For growth-focused technology companies, the Research & Development (R&D) tax relief landscape has undergone its most significant structural shift in two decades. As of 1 April 2024, the historic separation between the “SME Scheme” and the “Large Company” (RDEC) scheme has largely ended, replaced by a single Merged Scheme.
While the dust settles on the structural changes from April 2024, the Autumn Budget 2025 (November) has introduced further refinements and forward-looking pilots that directly impact how your business plans for cash flow.
This briefing provides a technical dissection of the new regime, the critical “Contracted Out” provisions that threaten supply chain claims, and the “Enhanced” support still available for loss-making innovators. We also integrate the latest confirmation from the Autumn Budget regarding Advance Assurance and administrative reforms.
1. The Core Structural Shift: From Two Schemes to One
Historically, the UK operated a two-tier system: a generous “Super-deduction” style scheme for SMEs (approx. 25-33% benefit) and a taxable “Expenditure Credit” (RDEC) for large companies (approx. 10-15% benefit).
The New Reality (Post-April 2024)
Most companies now claim under a single Merged Scheme modelled on RDEC. Under this Merged Scheme, relief is no longer a reduction in taxable profits (a “super-deduction”). Instead, it is a taxable credit treated as income in your accounts. This improves “Above the Line” profit (EBITDA), which can be beneficial for bank covenants and valuation metrics, even if the net cash benefit is lower than the old SME scheme.
The Rate Calculation
The headline rate for the Merged Scheme is 20%. However, because this credit is taxable, the net benefit depends on your Corporation Tax (CT) rate:
- Profitable Companies (25% Main Rate): 20% credit minus 5% tax paid results in a 15.0% Net Benefit.
- Profitable Companies (19% Small Profits Rate): 20% credit minus 3.8% tax paid results in a 16.2% Net Benefit.
- Loss-Making Companies (19% Notional Tax): 20% credit minus 3.8% notional tax results in a 16.2% Net Benefit.
For loss-makers, the 19% deduction is a “notional tax” withheld from the credit before it is paid out as cash.

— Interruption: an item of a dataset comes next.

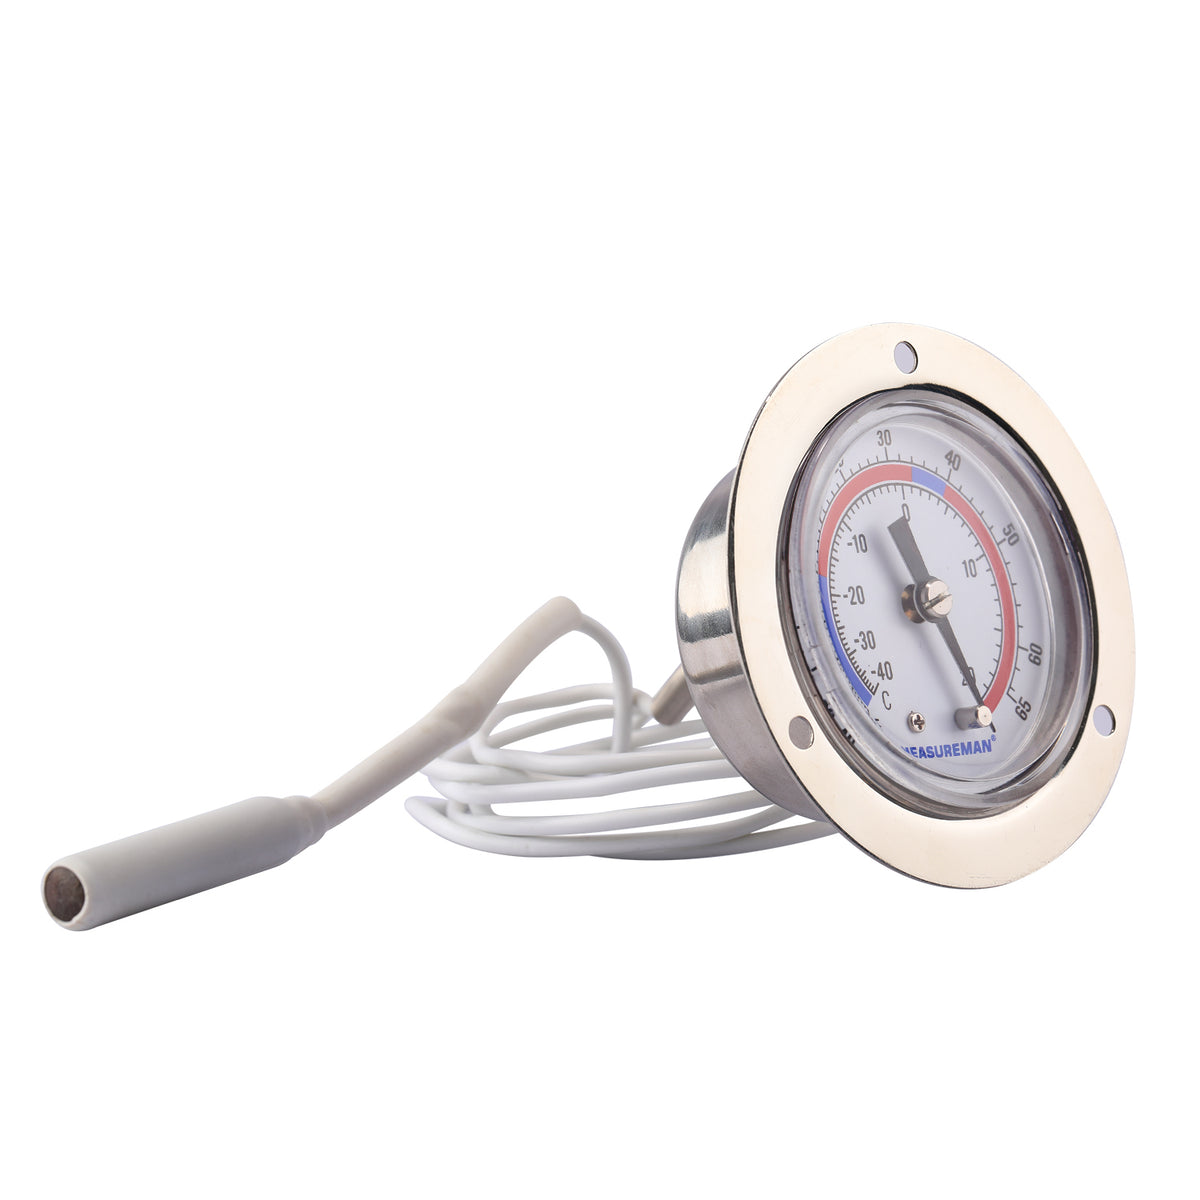 FMP 138-1074 Dishwasher Thermometer, 2 dial, 3 flange

It mirrors the Small Profits Rate, ensuring the cash benefit aligns with profitable SMEs paying the lower rate.
Impact Analysis: For a profitable SME paying 25% CT, the benefit has fallen from roughly 21.5% (Old SME Scheme) to 15.0% (Merged Scheme). This represents a 30% reduction in value, necessitating a review of R&D budgets and cash flow forecasts.

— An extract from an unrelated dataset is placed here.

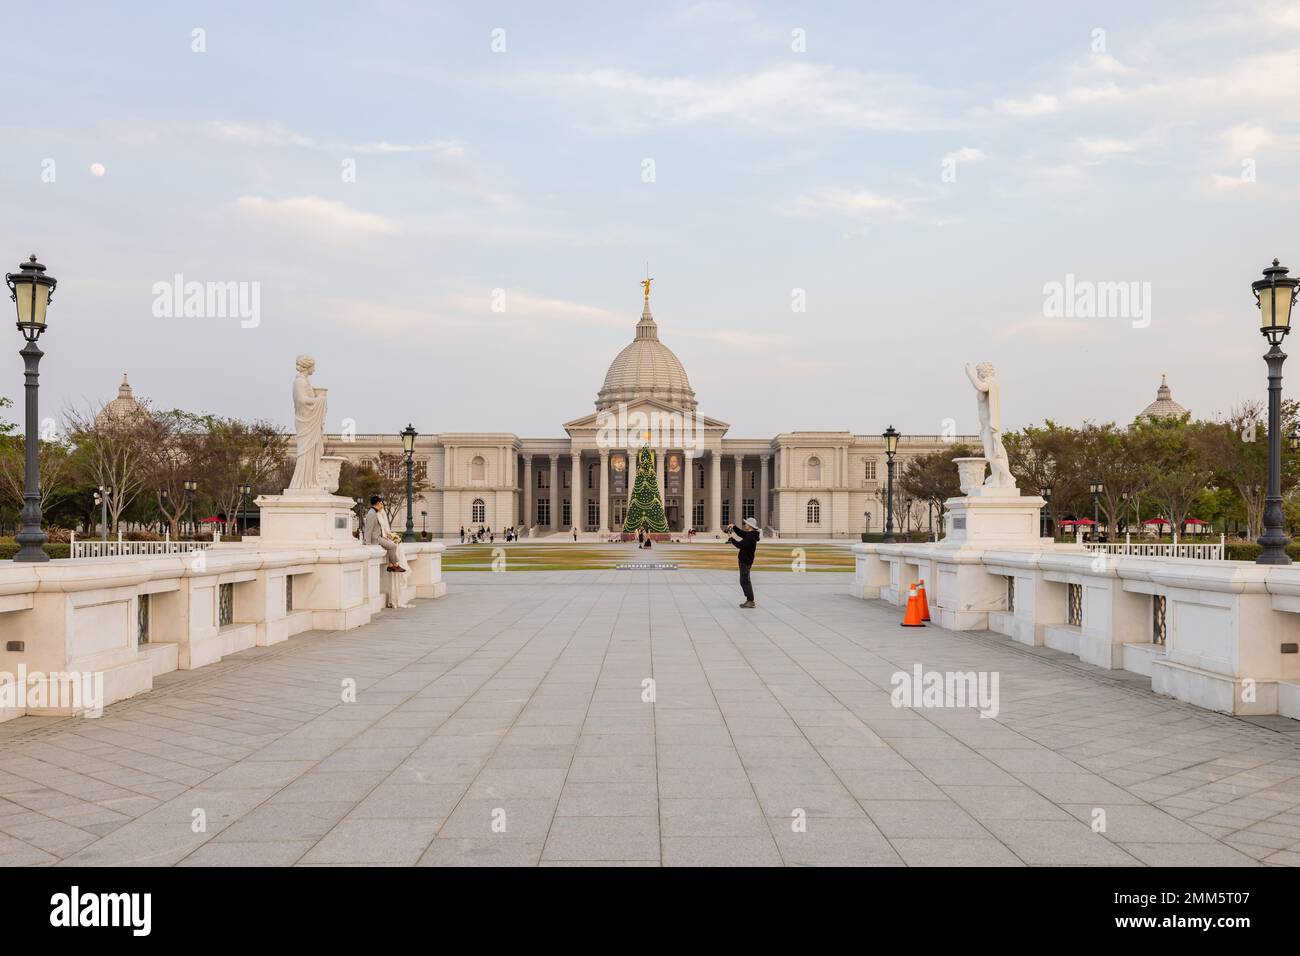 Tainan, JAN 5 2023 - Sunny exterior view of the famous Chimei Museum Stock Photo

2. The “Contracted Out” Bombshell
The most technically complex and commercially risky change in the Merged Scheme is the treatment of Contracted Out R&D. Previously, if a Large Company hired an SME, the SME could often claim. Now, the “Decision Maker” principle applies.
The “Intended or Contemplated” Test
HMRC guidance now focuses on who holds the “decision-making power” regarding the R&D. The right to claim sits with the company that initiated and intended the R&D to prevent double-claiming.
For example, if Company A (Customer) hires Company B (Software House) to build a custom AI platform, and the project requires R&D:
- Company A claims the relief (as they initiated the R&D).
- Company B cannot claim, even though they did the technical work.
There are exceptions. If the customer is “ineligible” (e.g., a charity or overseas entity), the right to claim passes down to the subcontractor. Additionally, if the R&D was “uncontemplated”, meaning Company B had to invent a solution internally to fulfill a standard contract, Company B may arguably claim for that specific internal R&D.
Strategic Action: Tech consultancies and dev shops must review their contracts immediately. If you were previously claiming RDEC for work done for large banks or insurers, those claims may now be invalid. You must explicitly define in contracts who owns the IP and who “intended” the R&D.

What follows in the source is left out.